Deidra’s voice is pure as if she’s never screamed-out a single word in her life. She sashays across the room in
a blue business-like skirt with a white blouse and a scarf, as if ready to pose for one of those model magazines. Her
dark red nails match her lipstick. She must use a tanning machine. I can’t imagine how much time she spends on that
big jet-black hair. Most female traders I know put their hair in a ponytail at work.
That’s my point, she glams-up every day. It’s all wrong. Why spruce yourself to mud-wrestle? The traders sit
at identical, adjacent workstations. There is little space and no walls. Soon after the market opens at 9:30 a.m., it’s a
scene of messy hair, rolled-up sleeves and undone collars. No one gives a shit how you look. They all understand,
once they put their headset on and their butt in a chair they are to produce trades. When an order comes in, they
shout out the name and the size. By the end of a busy day, half of them are hoarse. There’s the constant hum and
heat from the equipment and the smell of too many bodies close together. After a while, they stand up to stretch; the
chairs kill your back. Don’t you dare miss a trade while you’re in the can. Somebody comes by with coffee and the
lunch cart.
I’m studying the three large LED monitors, each flashing arrows, symbols and headlines in white, red, green
and yellow, giving me valuable market insight.
That’s the only reason any of us are here.
She’s waiting for my response. I don’t acknowledge her. I’ll never understand why some people can’t figure
out what’s important. If this woman replaced her hair dryer with a computer screen and studied the overnight news
instead of filing her nails, she could get a jump on the competition. I wonder how many times I’ve told her that–
enough so I won’t again. That she’s standing next to me wasting time is a clear sign she’s out of touch.
I suspect Deidra and I are close to the same age. I’m thirty-two. Over the years, I’ve picked up wrinkles and
extra belly roll, because I sit all day. Yes, there are things called gyms. Once the market closes, I’ve no energy for
that; I am done like dinner, put a fork in me.
“Blackie?”
Does she think I didn’t hear her? She should know better than to come between my screens and me as I
prepare for the market opening.
I scowl at her.
“Deidra, one of us is working. See if you can figure out which one.”

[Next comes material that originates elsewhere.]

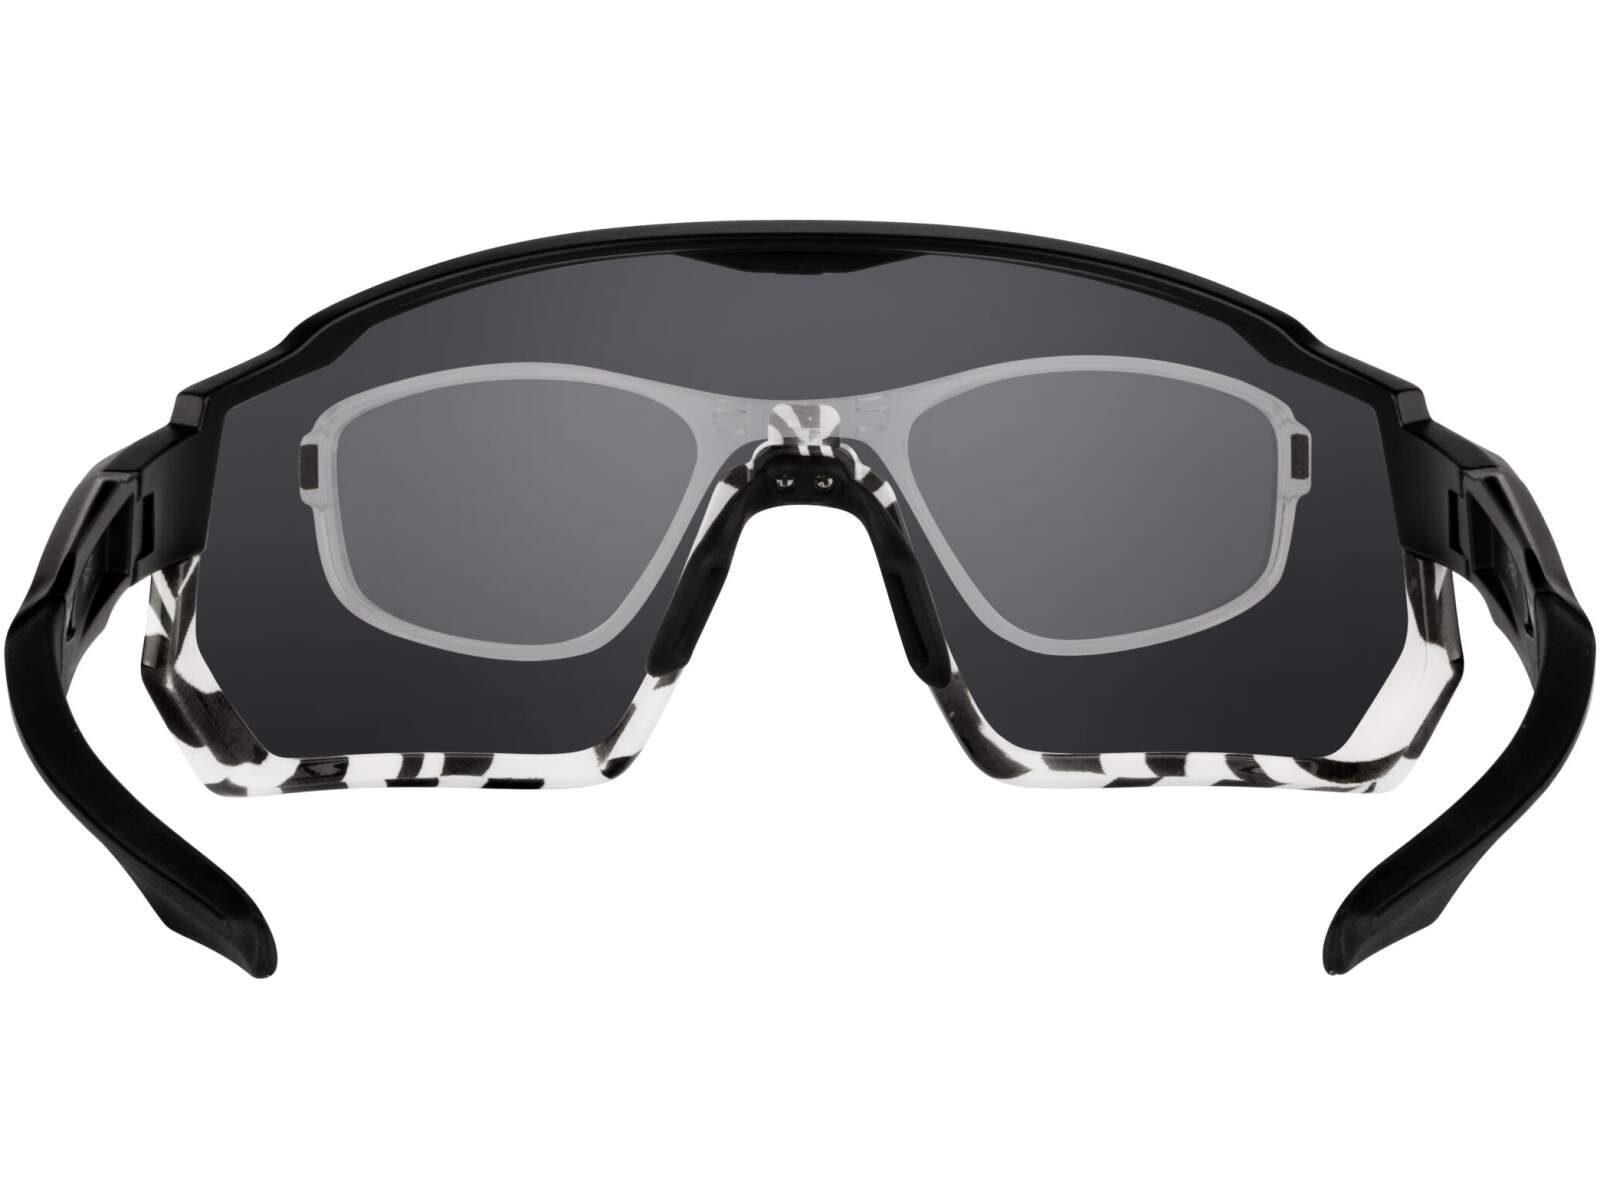 Okulary rowerowe Force DRIFT szkła czarne kontrastowe
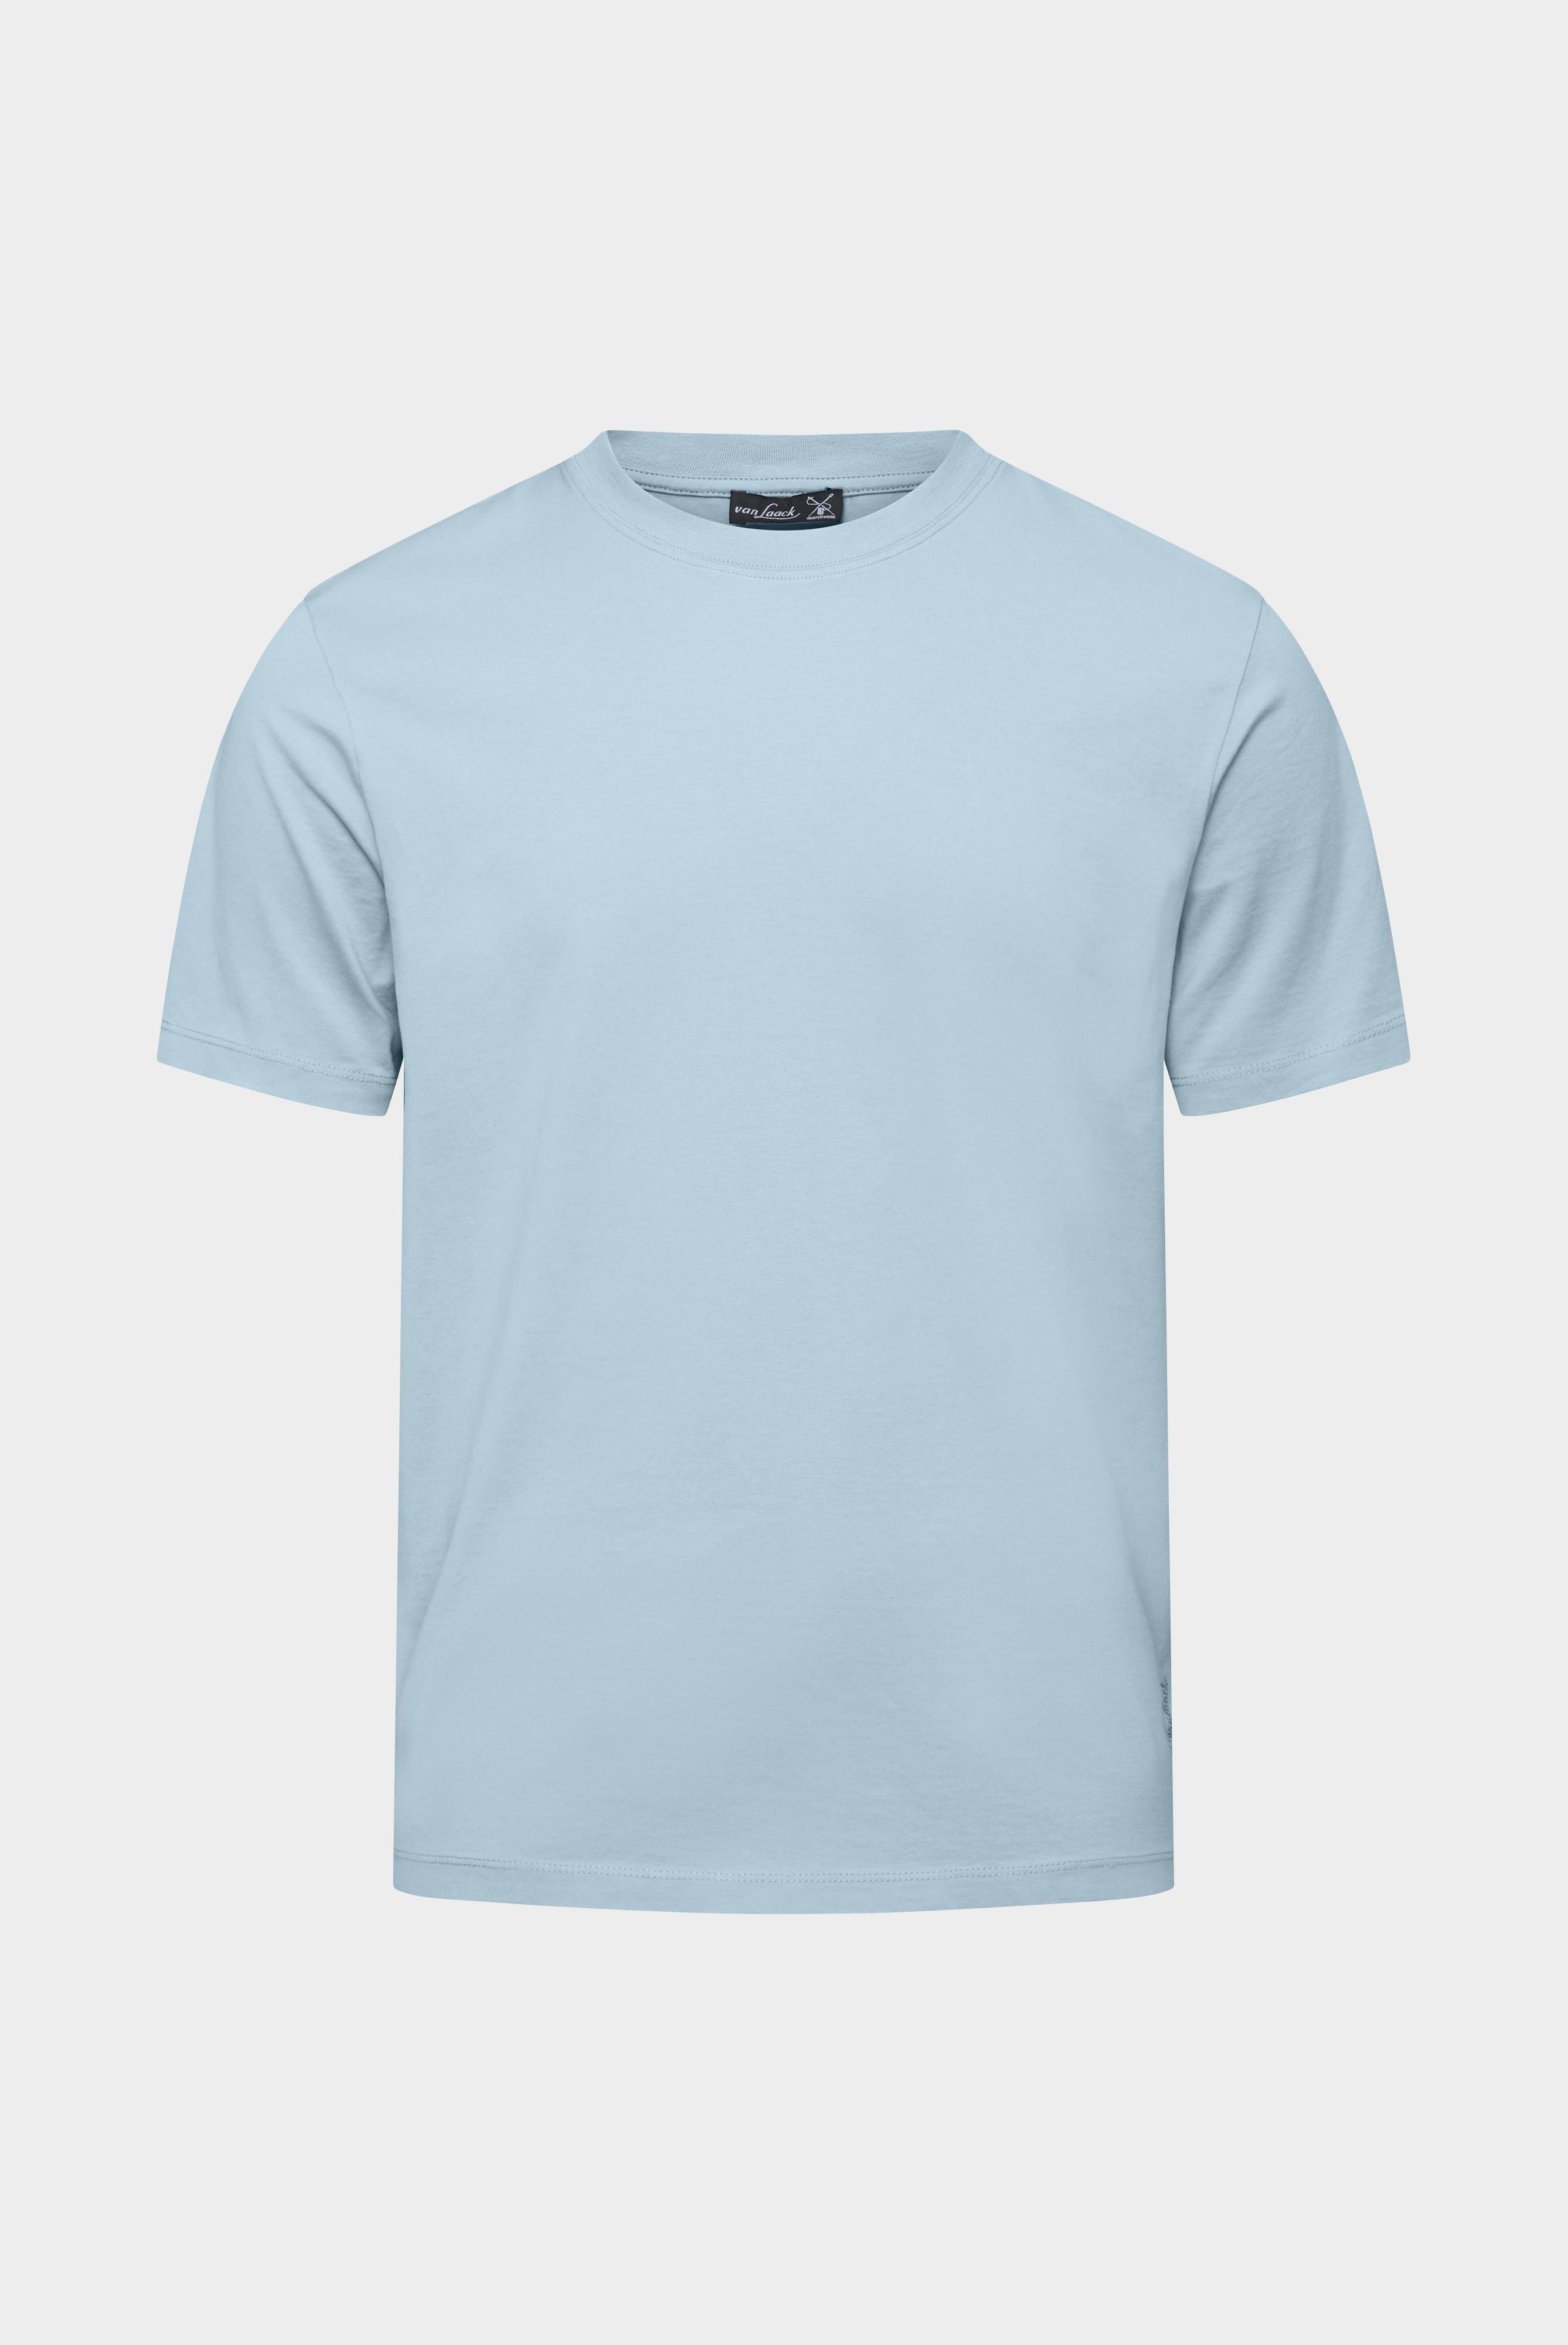 T-Shirts+T-Shirt aus langstapeliger Baumwolle+20.1660..Z20044.720.M

My voice sounds like sandpaper compared to hers. She makes a feeble gasping noise and shuffles over to her
workstation, where she should have gone. Now, just because she’s a woman, don’t jump to conclusions. I will work
with anybody: female, male, white, black, if you’re green and from Mars, it’s the same. But, if you want to talk
when I’m on the desk it better be about a trade. Besides, I’m not a person you can just walk up to and flap your
gums for no reason. Don’t bother me with the weather, politics or what an over-paid professional athlete did or
didn’t do. I couldn’t care less how your night was or whether you got laid.
Understand this. We sit on a trading desk not at a birthday party. We’re here to help our clients buy and sell
stocks. What we do is cutthroat; the rest of Wall Street does the same thing. We fight for every single transaction.
When you miss one, that commission goes into someone else’s pocket. You can never get it back.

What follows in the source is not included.